The script must exercise the full pipeline against a `tiny-random/<ModelName>`
checkpoint:

1. Generate dummy parquet data via
   [`tests/special_e2e/create_dummy_diffusion_data.py`](../../tests/special_e2e/create_dummy_diffusion_data.py).
2. Launch `verl_omni.trainer.main_diffusion` with model-specific
   knobs (architecture, prompt template, CFG parameters, sequence
   lengths).
3. Assert exit code `0`.

Then register the script in
[`tests/gpu_smoke/run_gpu_smoke_tests.sh`](../../tests/gpu_smoke/run_gpu_smoke_tests.sh)
as a new numbered test entry. The runner already exports
`PYTHONUNBUFFERED=1` and `RAY_DEDUP_LOGS=0` for readable logs — no need
to set them in your script.

---

## When to Refactor Instead of Duplicating

If you are copy-pasting more than a few lines from another model's
adapter, prefer one of:

- Extending [`pipelines/utils.py`](../../verl_omni/pipelines/utils.py)
  with a generic helper.
- Adding a method to `DiffusionModelBase` or `VllmOmniPipelineBase` so
  future models do not re-discover the contract.
- Promoting a helper to a shared module once a second model needs it.

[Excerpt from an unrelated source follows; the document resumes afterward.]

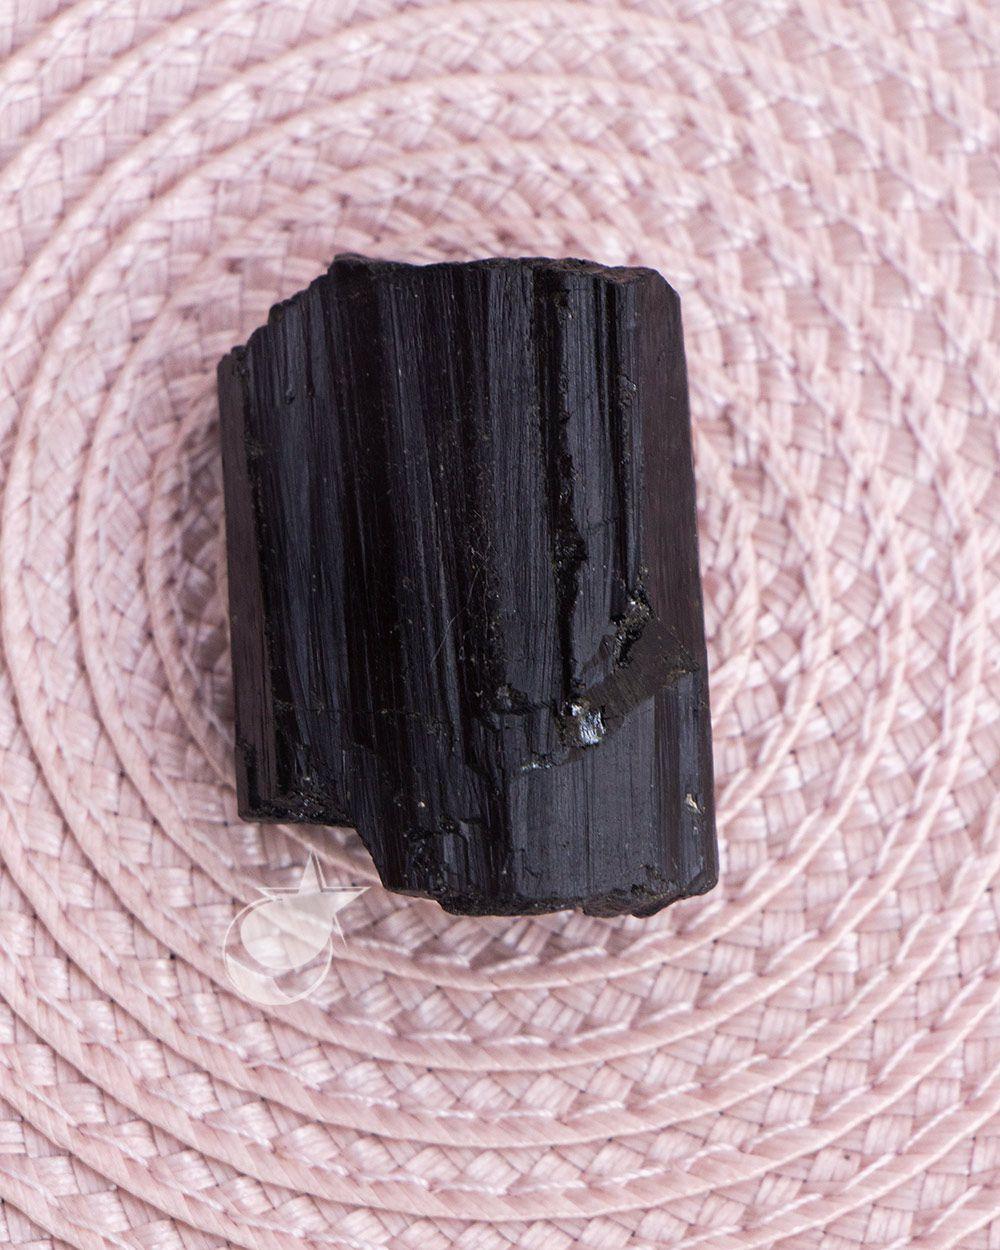 TURMALINA PRETA BRUTA COMUM - UNIDADE - 2 a 3 cm - (12 a 19g)
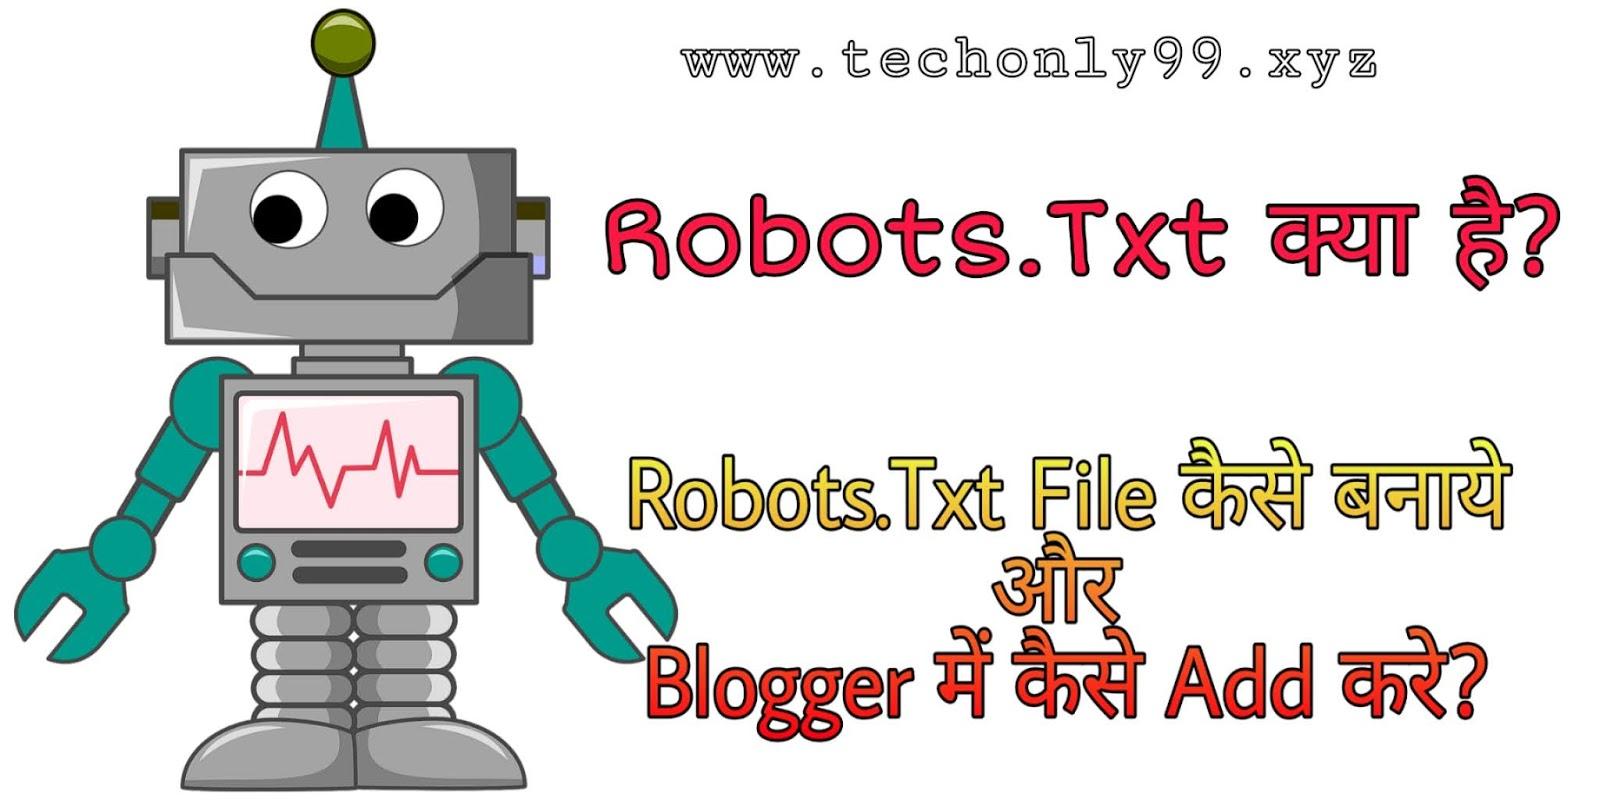 Robots.txt File क्या है? और Robots.txt File कैसे बनाये? पूरी जानकारी हिंदी में 2020

Refactor opportunistically: keep model-specific quirks local until a
third model demands the same code, then unify.

---

## Final Checklist

Before opening the PR, confirm every box:

- [ ] `verl_omni/pipelines/<model>_flow_grpo/` contains `__init__.py`,
      `diffusers_training_adapter.py`, and `vllm_omni_rollout_adapter.py`.
- [ ] [`verl_omni/pipelines/__init__.py`](../../verl_omni/pipelines/__init__.py)
      imports the new package.
- [ ] Architecture string on both `@register(...)` decorators matches
      `model_index.json::_class_name`; the `algorithm=` keyword matches
      the algorithm you are integrating against (e.g. `"flow_grpo"` for
      FlowGRPO).
- [ ] Scheduler returns latents in fp32 (no `model_output.dtype` cast in `step()`),
      `diffuse()` casts to model dtype before transformer forward and casts
      noise_pred to float32 before `scheduler.step()`
      — see [Common Pitfalls](common_pitfalls.md#float32-precision-loss-in-stored-rollout-latents).
- [ ] Any new `DiffusionPipelineConfig` field is mirrored in **both**
      [`diffusion_rollout.yaml`](../../verl_omni/trainer/config/diffusion/rollout/diffusion_rollout.yaml)
      and
      [`diffusion_model.yaml`](../../verl_omni/trainer/config/diffusion/model/diffusion_model.yaml).
- [ ] Example launch script in `examples/flowgrpo_trainer/` plus a
      matching data preprocessor under
      `examples/flowgrpo_trainer/data_process/`.
- [ ] Smoke test `tests/special_e2e/run_<algo>_<model>.sh` exists and
      is wired into
      [`tests/gpu_smoke/run_gpu_smoke_tests.sh`](../../tests/gpu_smoke/run_gpu_smoke_tests.sh).
- [ ] Docs updated (this guide if the contract changed; the relevant
      `docs/algo/...` page if you introduce algorithm-level concepts).